For more information,
see the GitHub FAQs in the Python's Developer Guide.
Created on 2014年07月19日 18:30 by wayedt, last changed 2022年04月11日 14:58 by admin.
| Files | ||||
|---|---|---|---|---|
| File name | Uploaded | Description | Edit | |
| issue-22012.txt | ronaldoussoren, 2014年07月21日 08:09 | review | ||
| Messages (13) | |||
|---|---|---|---|
| msg223470 - (view) | Author: Tyler Wade (wayedt) | Date: 2014年07月19日 18:30 | |
On Mac OSX, struct.unpack incorrectly handles bools.
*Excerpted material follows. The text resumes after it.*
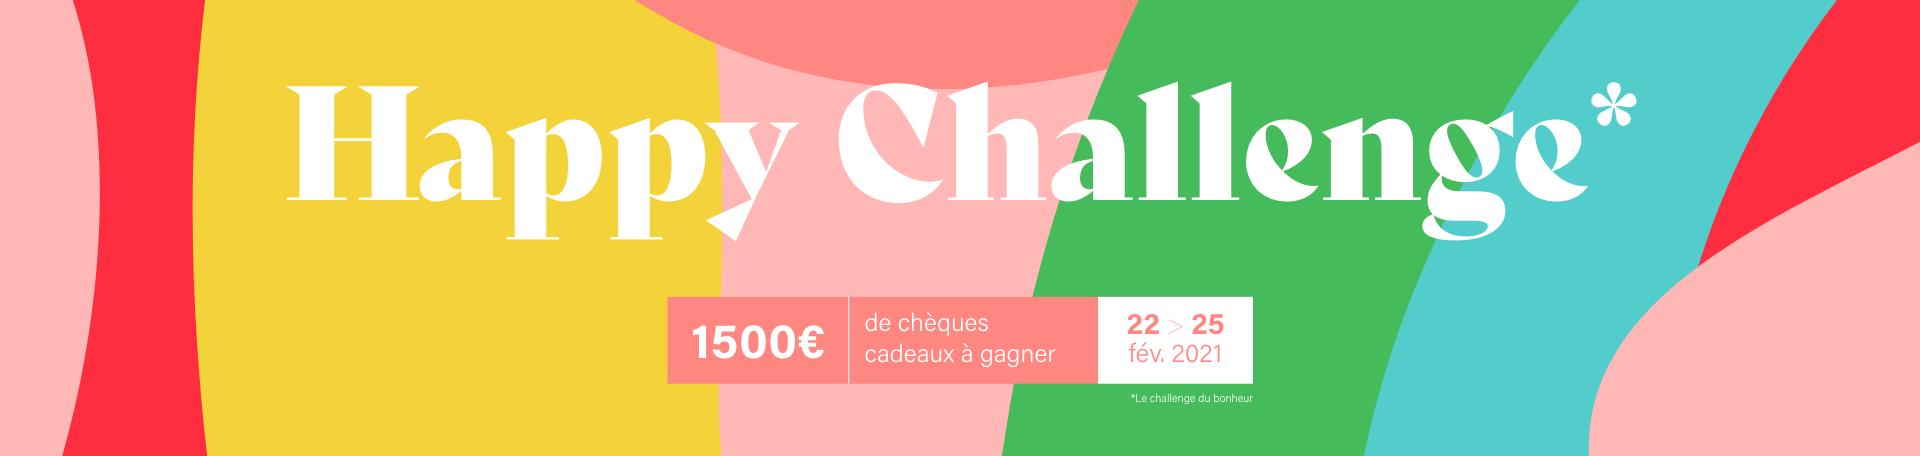 Jeu concours : Happy Challenge

Python 3.4.1 (default, May 19 2014, 13:10:29)
[GCC 4.2.1 Compatible Apple LLVM 5.1 (clang-503.0.40)] on darwin
Type "help", "copyright", "credits" or "license" for more information.
>>> import struct
>>> struct.unpack('????', b'\x00\x01\x02\x03')
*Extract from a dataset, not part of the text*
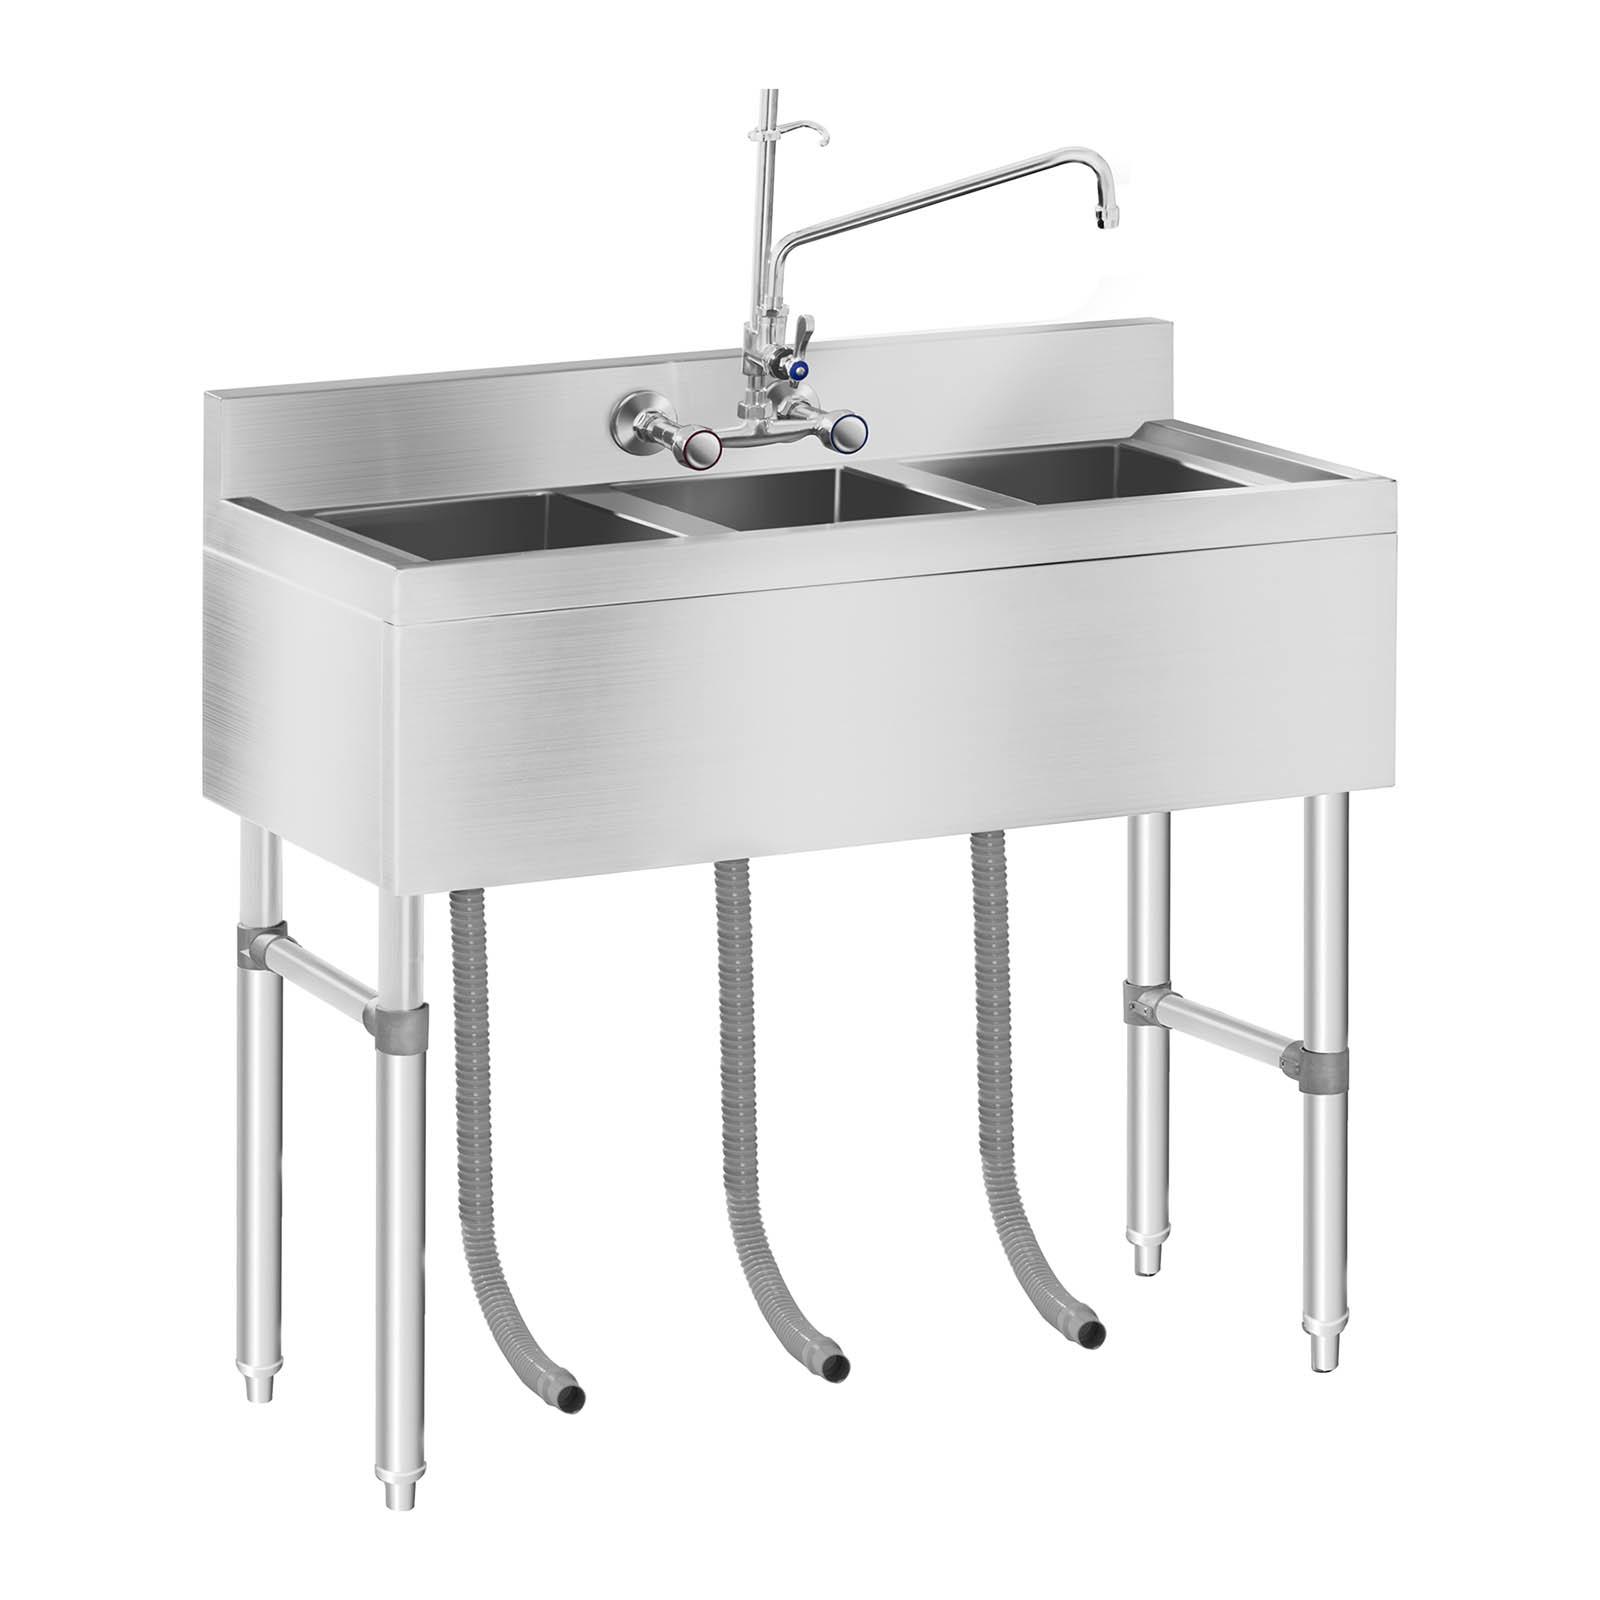 Industrial Kitchen Sink: COMMERCIAL KITCHEN SINK THREE BASIN CATERING SINK

(False, True, False, True)
|
|||
| msg223472 - (view) | Author: Ned Deily (ned.deily) * (Python committer) | Date: 2014年07月19日 20:11 | |
Doing a quick look, the results vary. Using current python.org 2.7.8 and 3.4.1 installers, the results are correct. These interpreters are built with Apple gcc-4.2 (non-LLVM) from Xcode 3.2.6. Other 2.7 and 3.4.x builds I have available at the moment, including the Apple-supplied Python 2.7, were built with clang LLVM and they all give the incorrect result.
$ /usr/bin/python2.7 -c "import sys,struct;print(struct.unpack('????', b'\x00\x01\x02\x03'), sys.version)"
((False, True, False, True), '2.7.5 (default, Mar 9 2014, 22:15:05) \n[GCC 4.2.1 Compatible Apple LLVM 5.0 (clang-500.0.68)]')
$ arch -i386 /usr/bin/python2.7 -c "import sys,struct;print(struct.unpack('????', b'\x00\x01\x02\x03'), sys.version)"
((False, True, False, True), '2.7.5 (default, Mar 9 2014, 22:15:05) \n[GCC 4.2.1 Compatible Apple LLVM 5.0 (clang-500.0.68)]')
$ /usr/local/bin/python2.7 -c "import sys,struct;print(struct.unpack('????', b'\x00\x01\x02\x03'), sys.version)"
((False, True, True, True), '2.7.8 (v2.7.8:ee879c0ffa11, Jun 29 2014, 21:07:35) \n[GCC 4.2.1 (Apple Inc. build 5666) (dot 3)]')
$ /usr/local/bin/python2.7-32 -c "import sys,struct;print(struct.unpack('????', b'\x00\x01\x02\x03'), sys.version)"
((False, True, True, True), '2.7.8 (v2.7.8:ee879c0ffa11, Jun 29 2014, 21:07:35) \n[GCC 4.2.1 (Apple Inc. build 5666) (dot 3)]')
$ /usr/local/bin/python3.4 -c "import sys,struct;print(struct.unpack('????', b'\x00\x01\x02\x03'), sys.version)"
(False, True, True, True) 3.4.1 (v3.4.1:c0e311e010fc, May 18 2014, 00:54:21)
[GCC 4.2.1 (Apple Inc. build 5666) (dot 3)]
$ /usr/local/bin/python3.4-32 -c "import sys,struct;print(struct.unpack('????', b'\x00\x01\x02\x03'), sys.version)"
(False, True, True, True) 3.4.1 (v3.4.1:c0e311e010fc, May 18 2014, 00:54:21)
[GCC 4.2.1 (Apple Inc. build 5666) (dot 3)]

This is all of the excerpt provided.